▶ COLLECTED DATA:
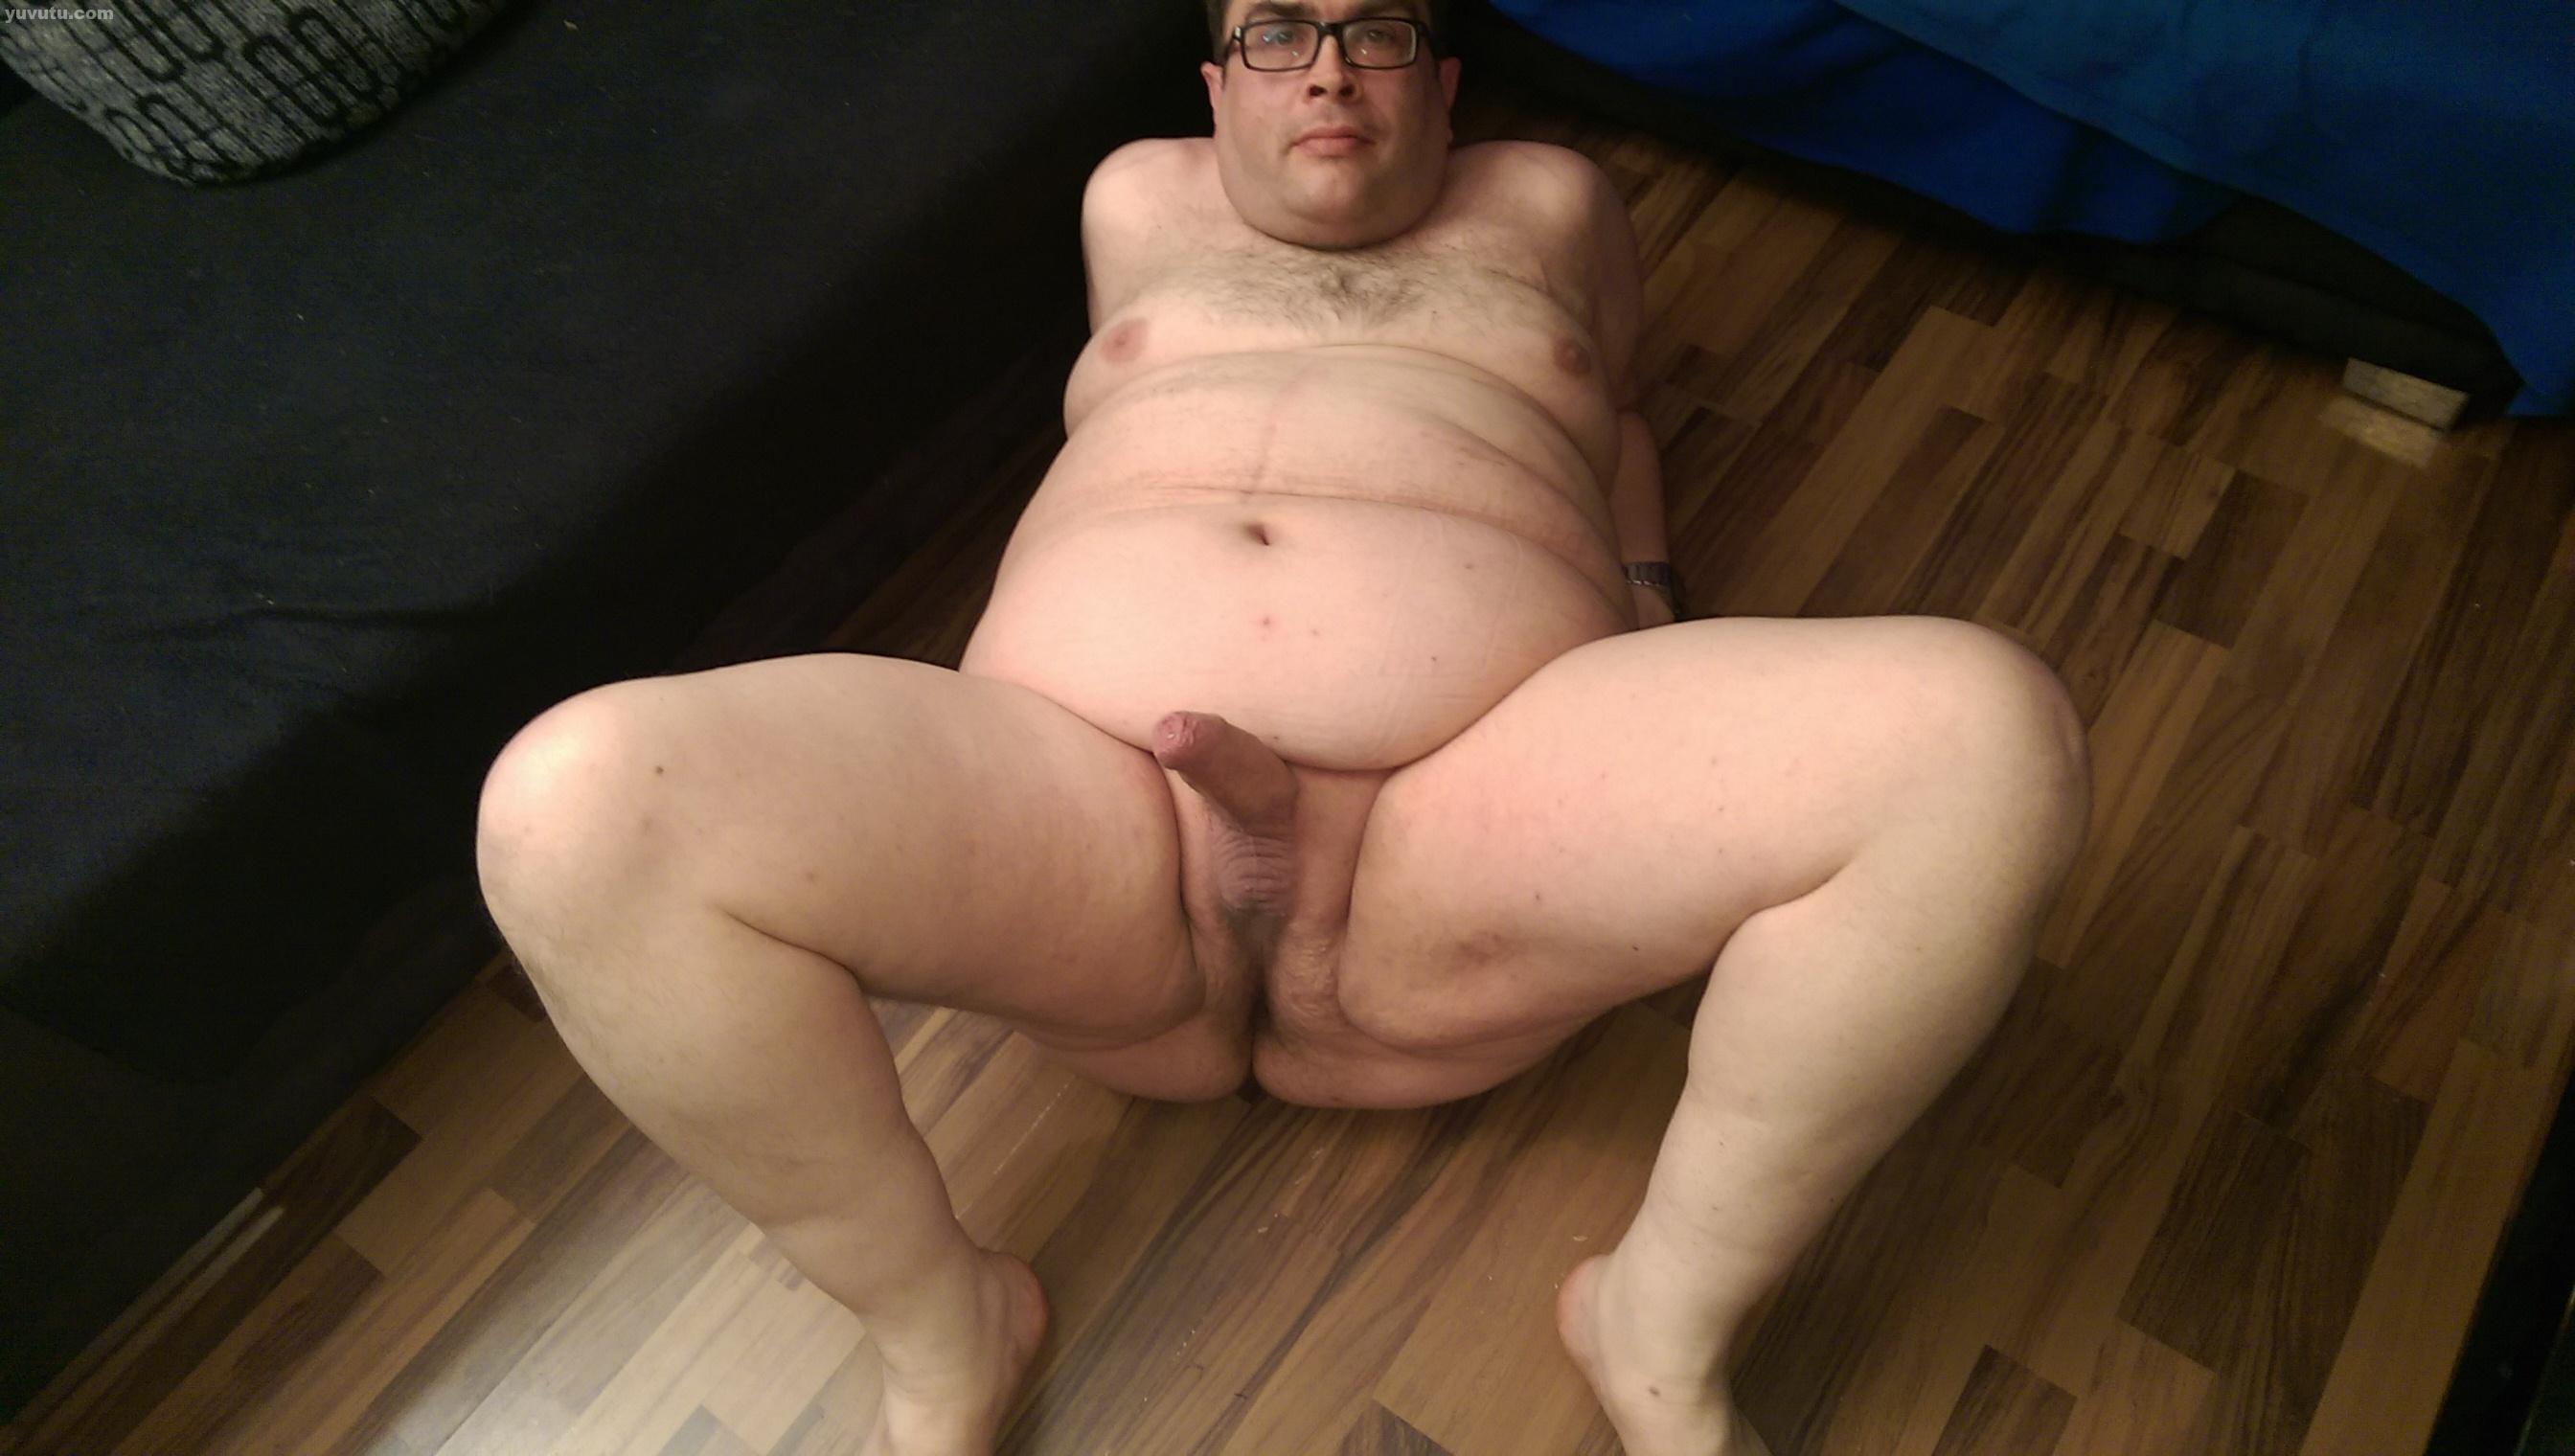 Amateur Chubby Male Porn gay fetish xxx chubby gay homemade sex | free hot nude porn
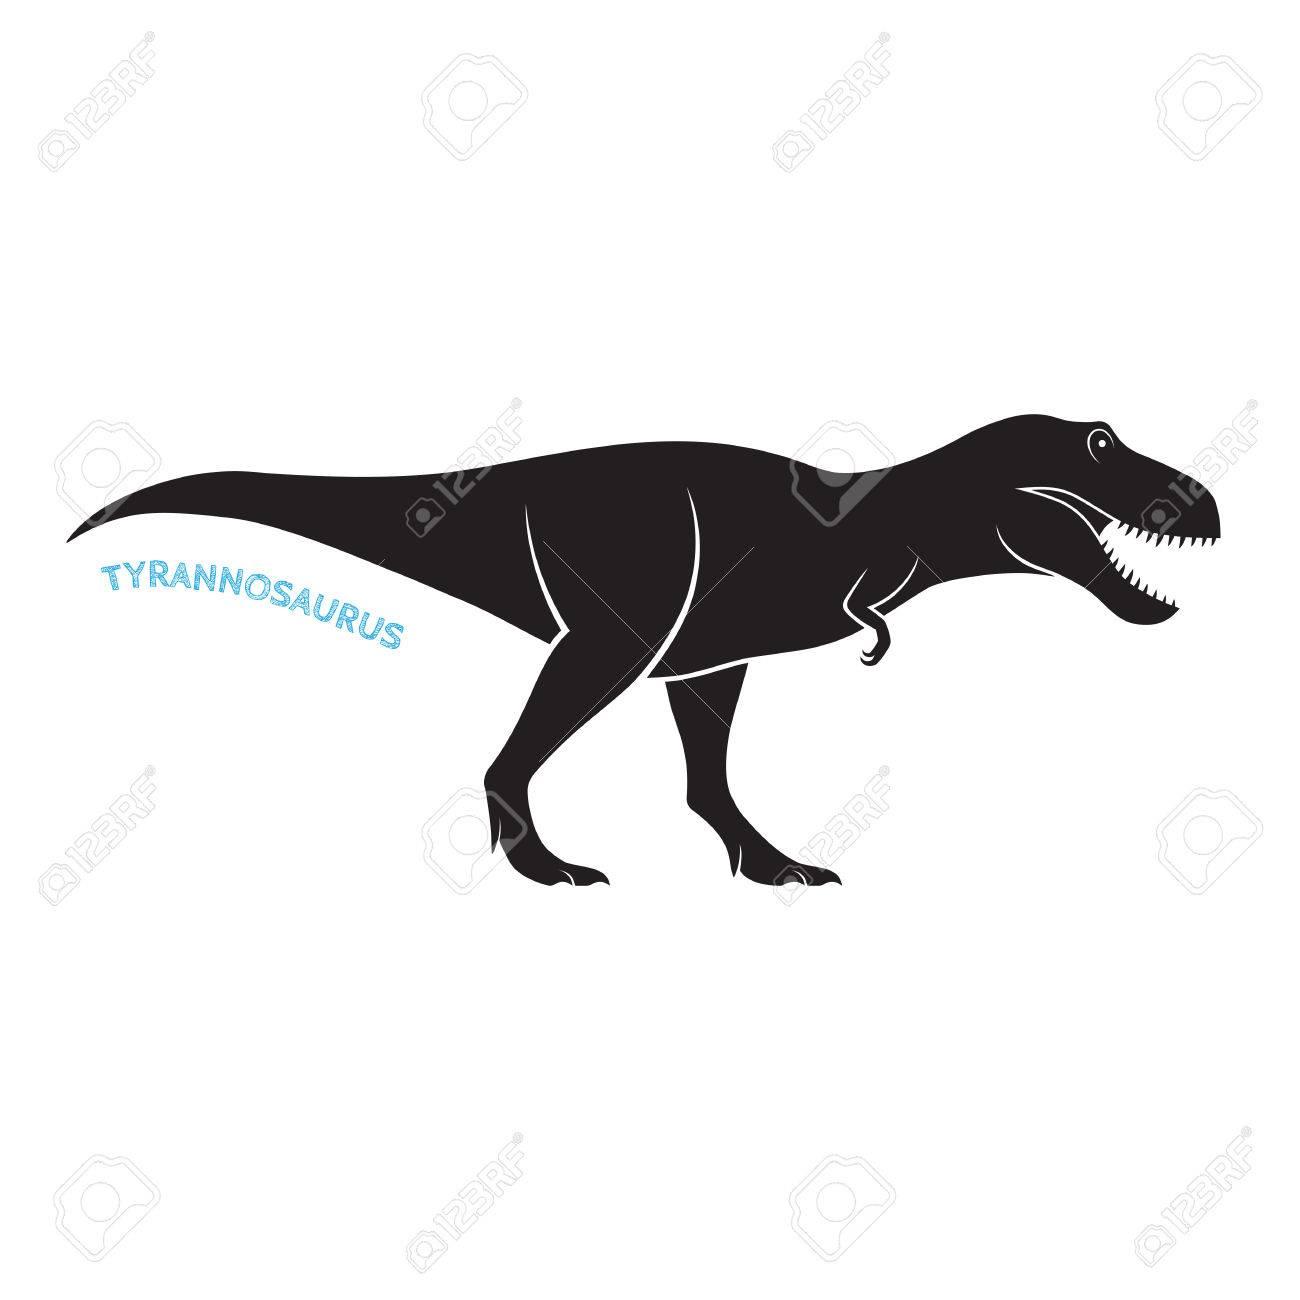 tyrannosaurus silhouette icon emblem on white background t rex rh 123rf com t rex vector art t rex vector free
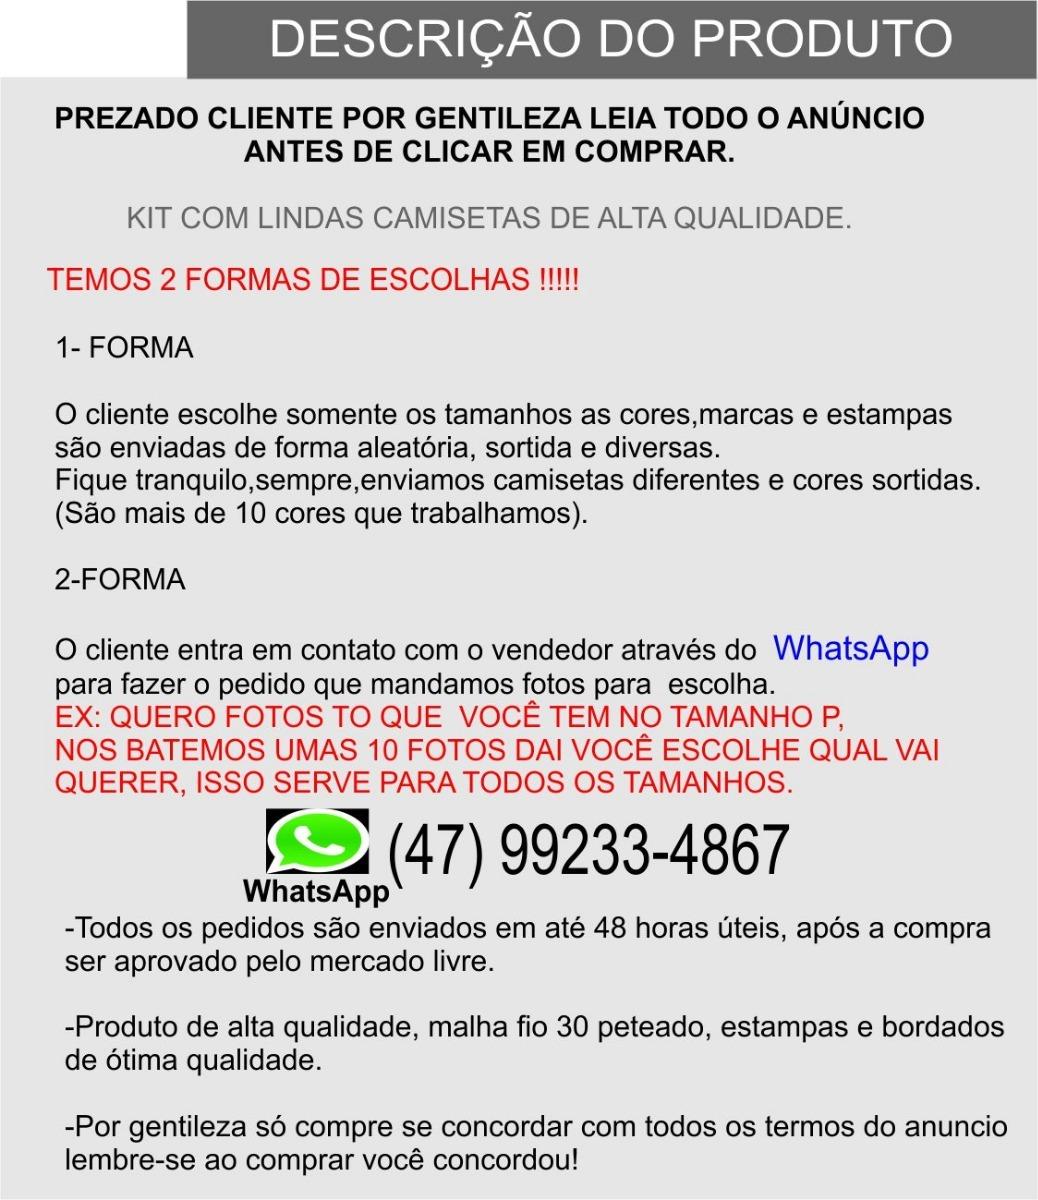 Kit C 10 Camisetas Mas Diversas Marcas Tamanhos G1 G2 G3 - R  229,90 ... 318626e7c8
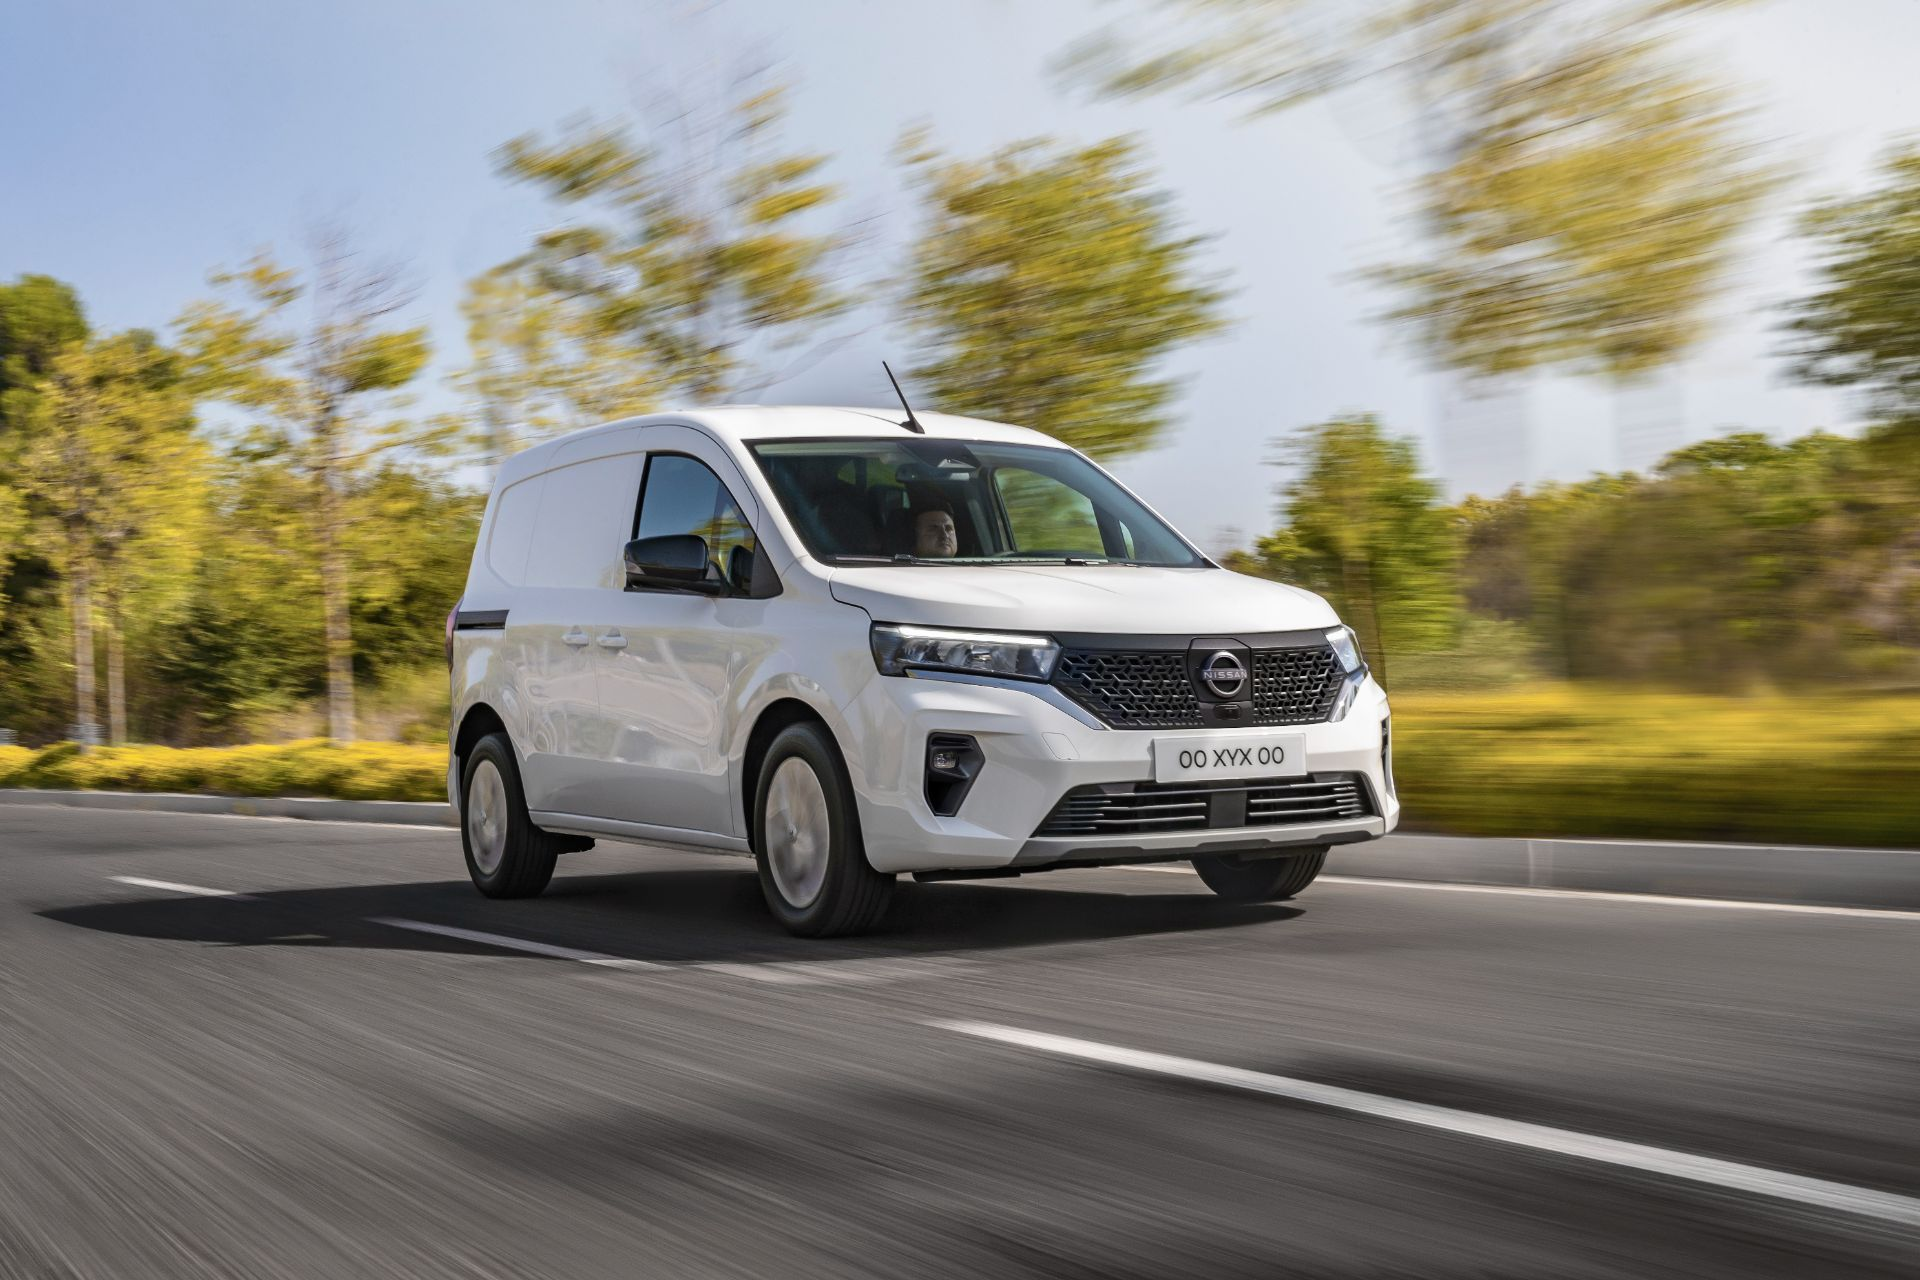 2022-Nissan-Townstar-EV-van-dynamic-2

▶ WHAT YOU ARE ASKED TO DO:
Return each line of the material exactly as written; exclude the pictures.

▶ WRITTEN ANSWER:
 Amateur Chubby Male Porn gay fetish xxx chubby gay homemade sex | free hot nude porn
 tyrannosaurus silhouette icon emblem on white background t rex rh 123rf com t rex vector art t rex vector free
 Kit C 10 Camisetas Mas Diversas Marcas Tamanhos G1 G2 G3 - R  229,90 ... 318626e7c8
 2022-Nissan-Townstar-EV-van-dynamic-2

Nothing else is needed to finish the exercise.